Drunken Cambridge students wrecked a curry house when they ran amok in a giant food fight.
More than a dozen yobs – many of them bare-chested – poured into the top floor of a city centre restaurant after a day’s drinking.
A mass brawl then broke out between two rivals groups who bombarded each other with food, plates and cutlery.

Some of the well-heeled louts took off their shoes and used them as missiles and a glass bottle hit a girl on the head.
A male student was thrown from his chair and pushed down the stairs and a table was broken in half.
Police were called to help evict the students from the Curry King restaurant but there were no arrests.

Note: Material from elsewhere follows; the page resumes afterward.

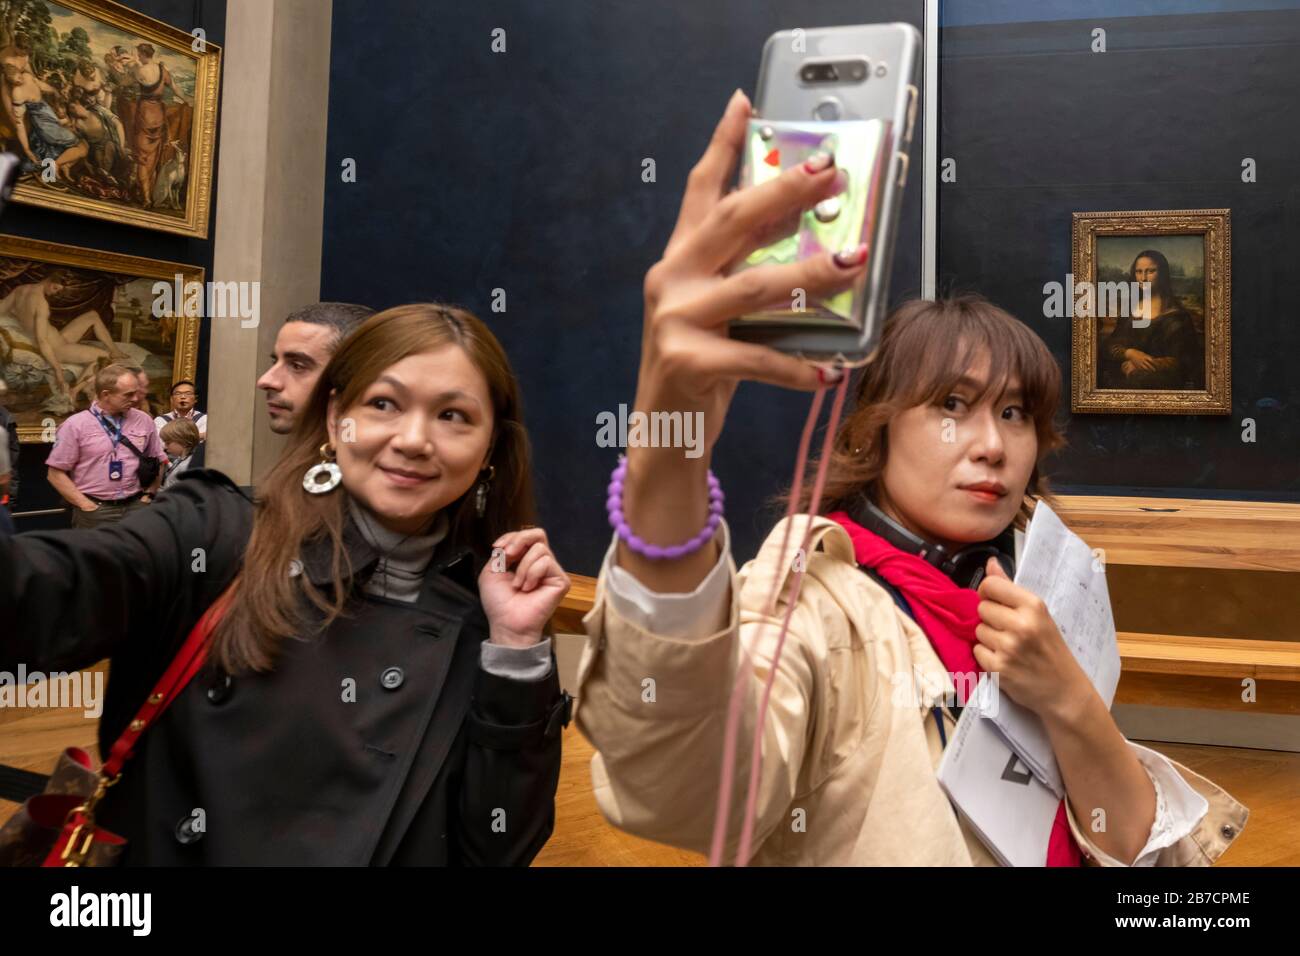 Asiatische Touristen benutzen ihre Smartphones, um mit dem Mona-Lisa-Gemälde des Künstlers Leonardo da Vinci, Louvre Museum, Paris, Frankreich, Europa Selfies zu machen Stockfoto

Owner Ali Rana, 40, said: “The room was a mess.
“There was broken glass and food all over the carpet, the furniture was smashed and we didn’t finish cleaning up until 4am.

“We had lots of business on Sunday, as it was a Bank Holiday, but many of the customers on the ground floor were shocked and angry.
“They couldn’t believe how the students had behaved.
“We like to have students at the Curry King but there’s a minority of them who ruin it for everyone else.”
The trouble came on one of Cambridge’s notorious annual drinking dates known as
Caesarian Sunday.
It celebrates the beginning of the summer term which ends with an infamous post-exams party called Suicide Sunday in June.
The curry house clash came when a member of Girton College’s Green Giants stole a bottle of Pimm’s from Jesus College Caesarians.
The bottle was then thrown at the Caesarian in a challenge to fight.
One eyewitness said: “Everyone was drunk from having been on Jesus Green – someone from one of the colleges strawpedo-ed two bottles of wine straight away.
“Many of them arrived with no top on.
“Someone threw a punch, and when one of the boys came over to break it up, he ended up punching his own friend in the face.”
Cambridge officials had urged students to avoid the drunken scenes of previous Caesarian Sundays and ‘find a more fruitful way’ of spending it this year.
The day had earlier passed off calmly with around 2,000 students gathering in the city’s Jesus Green park without the normal boozy antics.